— EXERCISE DETAILS —
Take the lines below from the one with "Cognizant Founders Cup" through the one with "Электрический чайник Mercury Haus MC-6620, темно-зеленый" and print only them, exactly. Don't print the pictures.

— DATA TO USE —

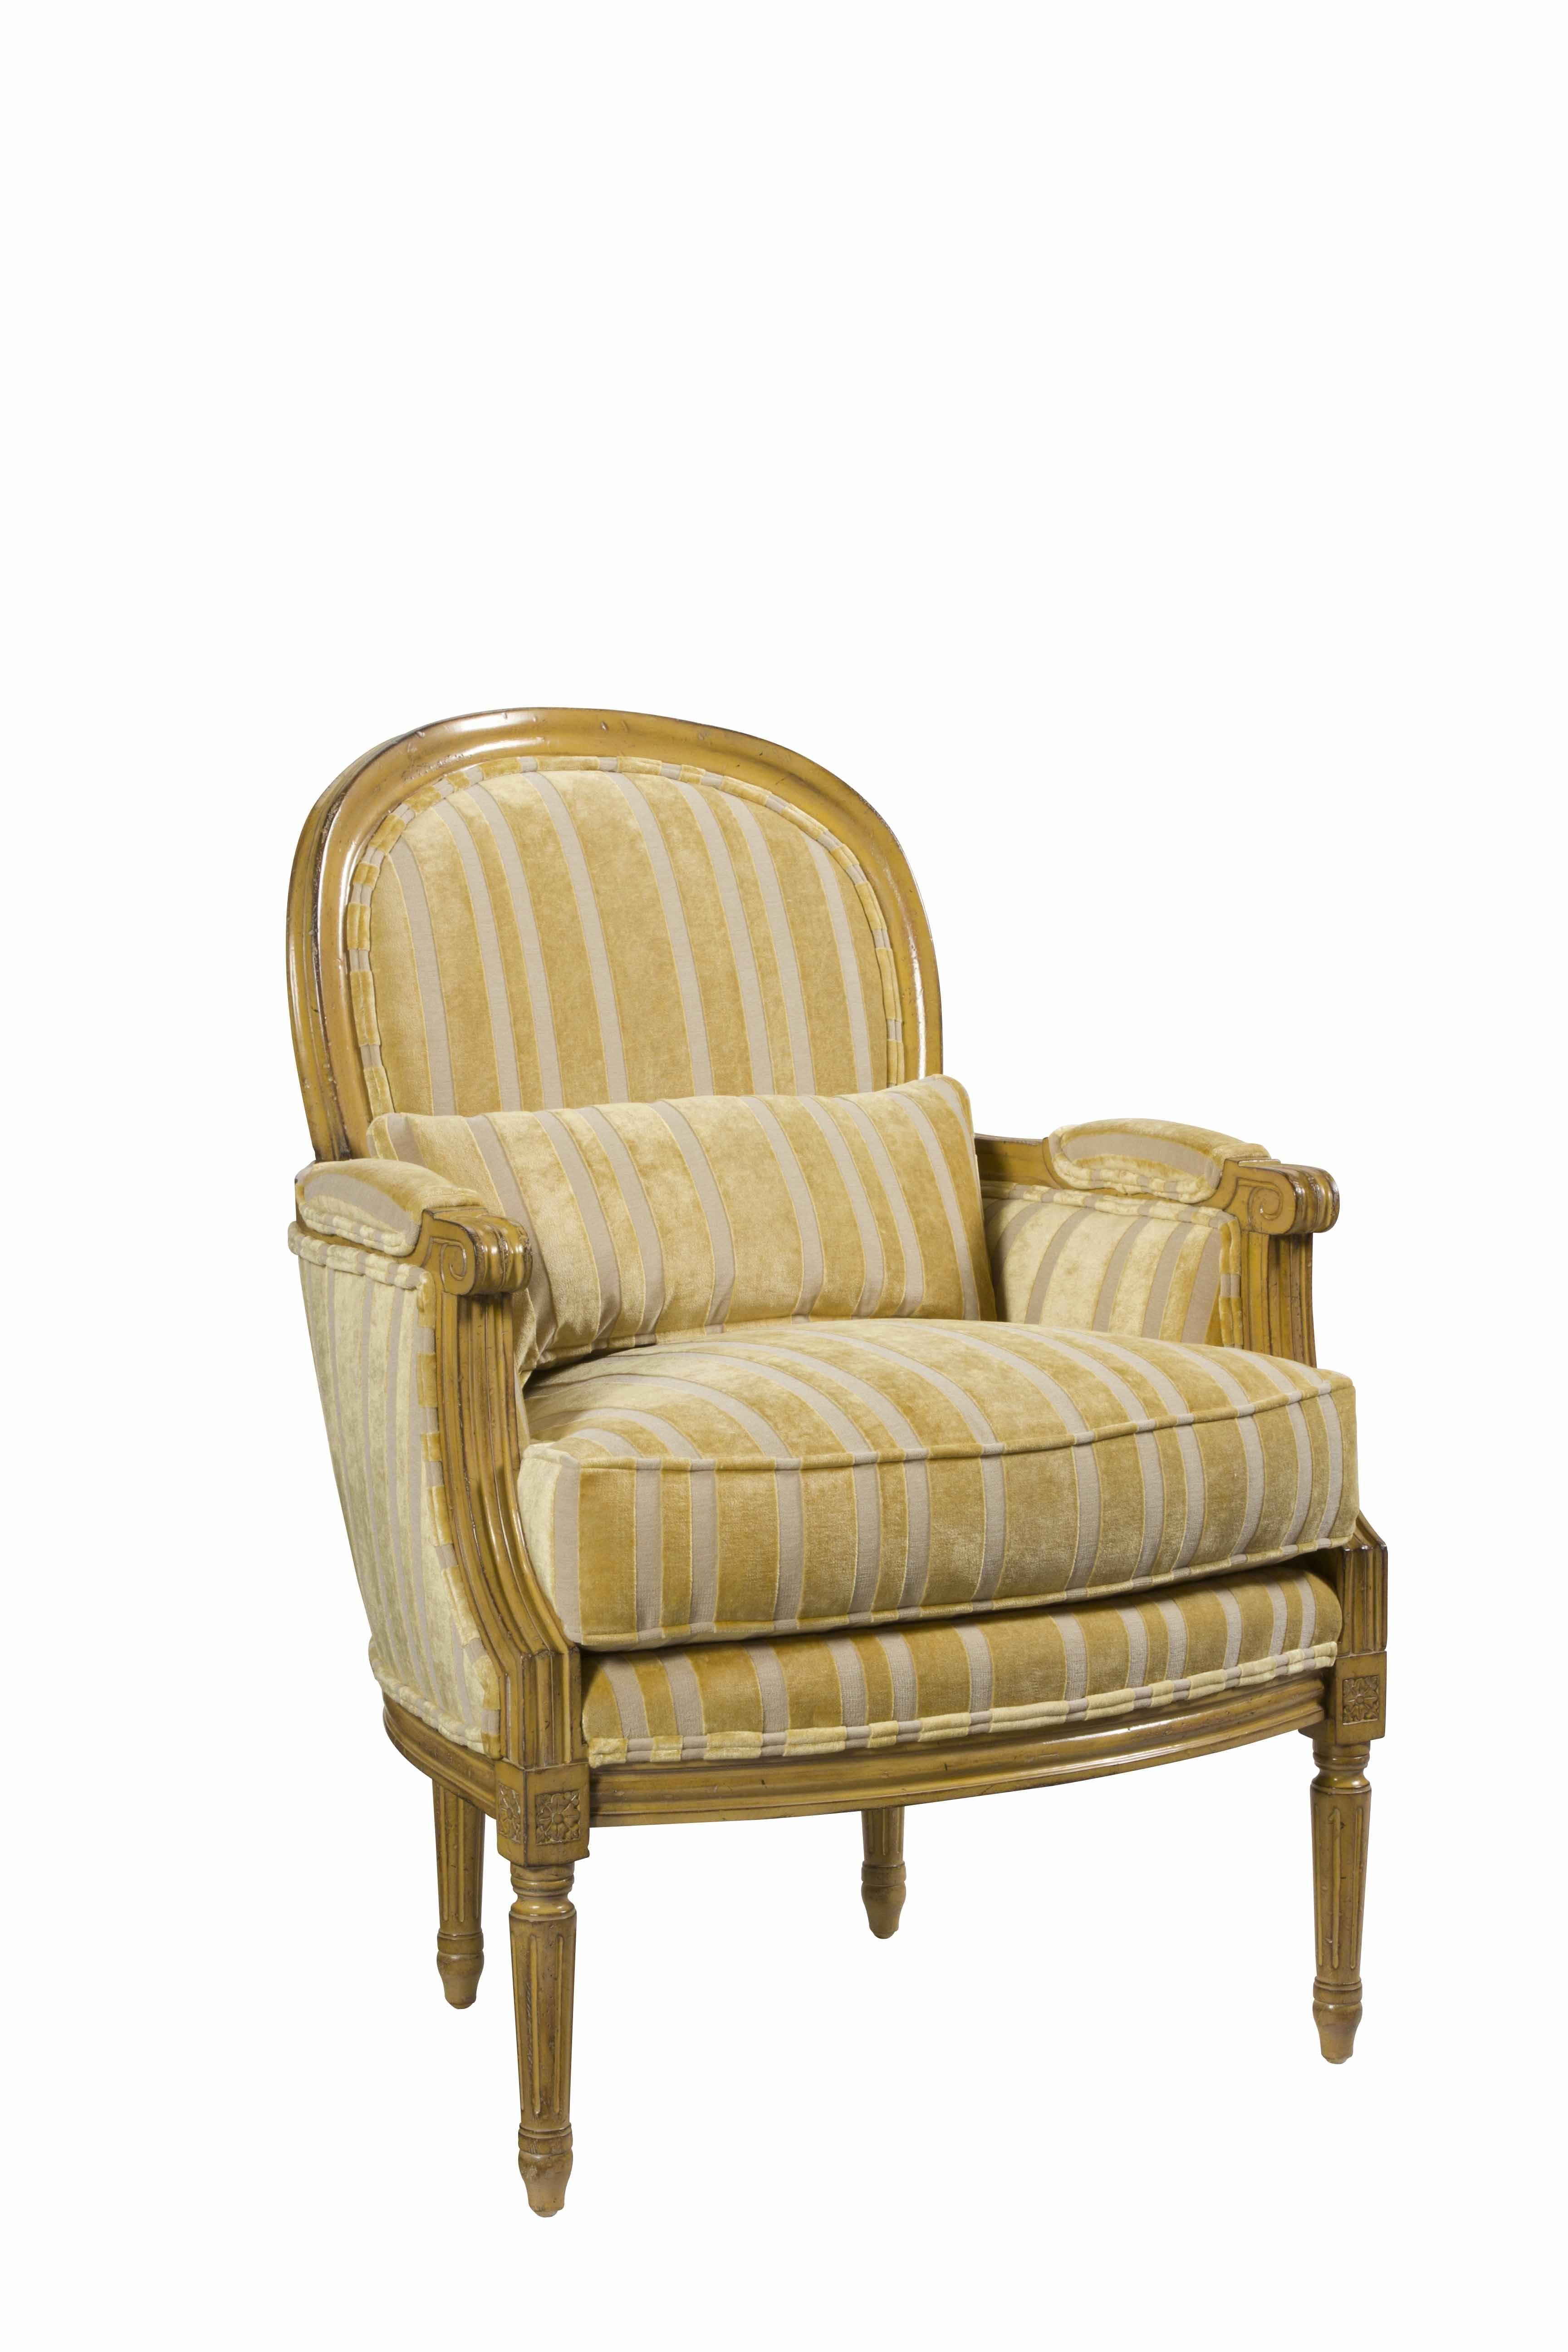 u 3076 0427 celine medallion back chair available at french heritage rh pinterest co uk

* * *

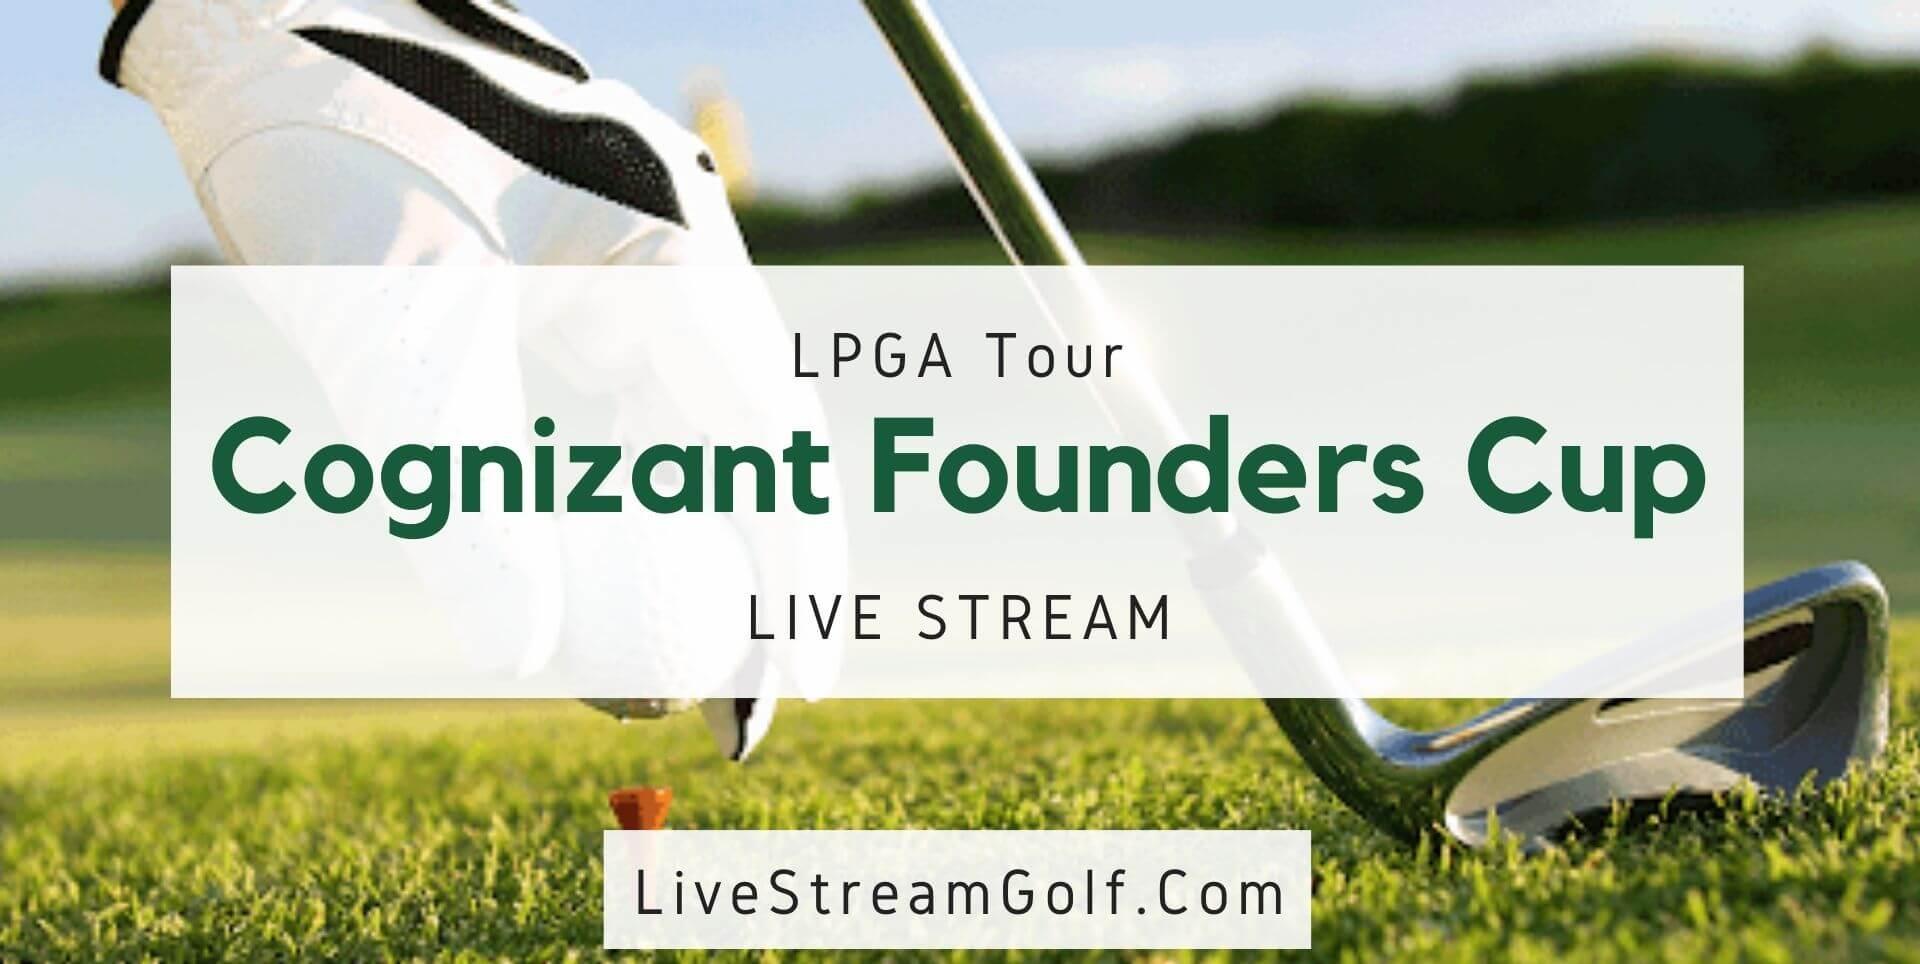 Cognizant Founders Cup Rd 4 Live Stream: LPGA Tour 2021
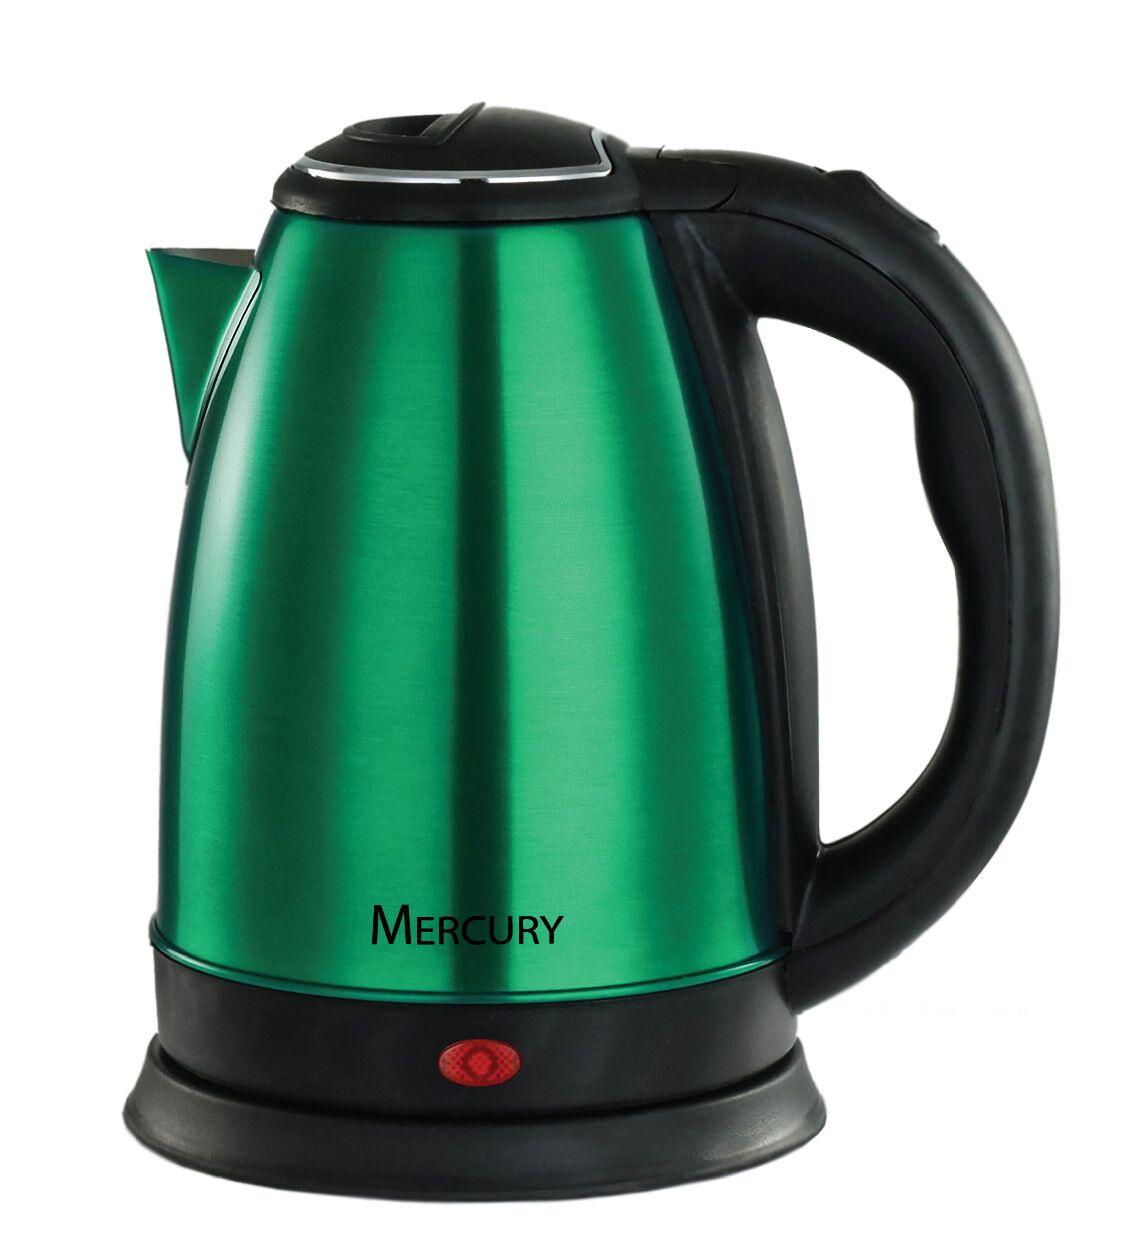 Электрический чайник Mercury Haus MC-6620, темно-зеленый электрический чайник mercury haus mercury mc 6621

— EXERCISE ANSWER —
 Cognizant Founders Cup Rd 4 Live Stream: LPGA Tour 2021
 Электрический чайник Mercury Haus MC-6620, темно-зеленый электрический чайник mercury haus mercury mc 6621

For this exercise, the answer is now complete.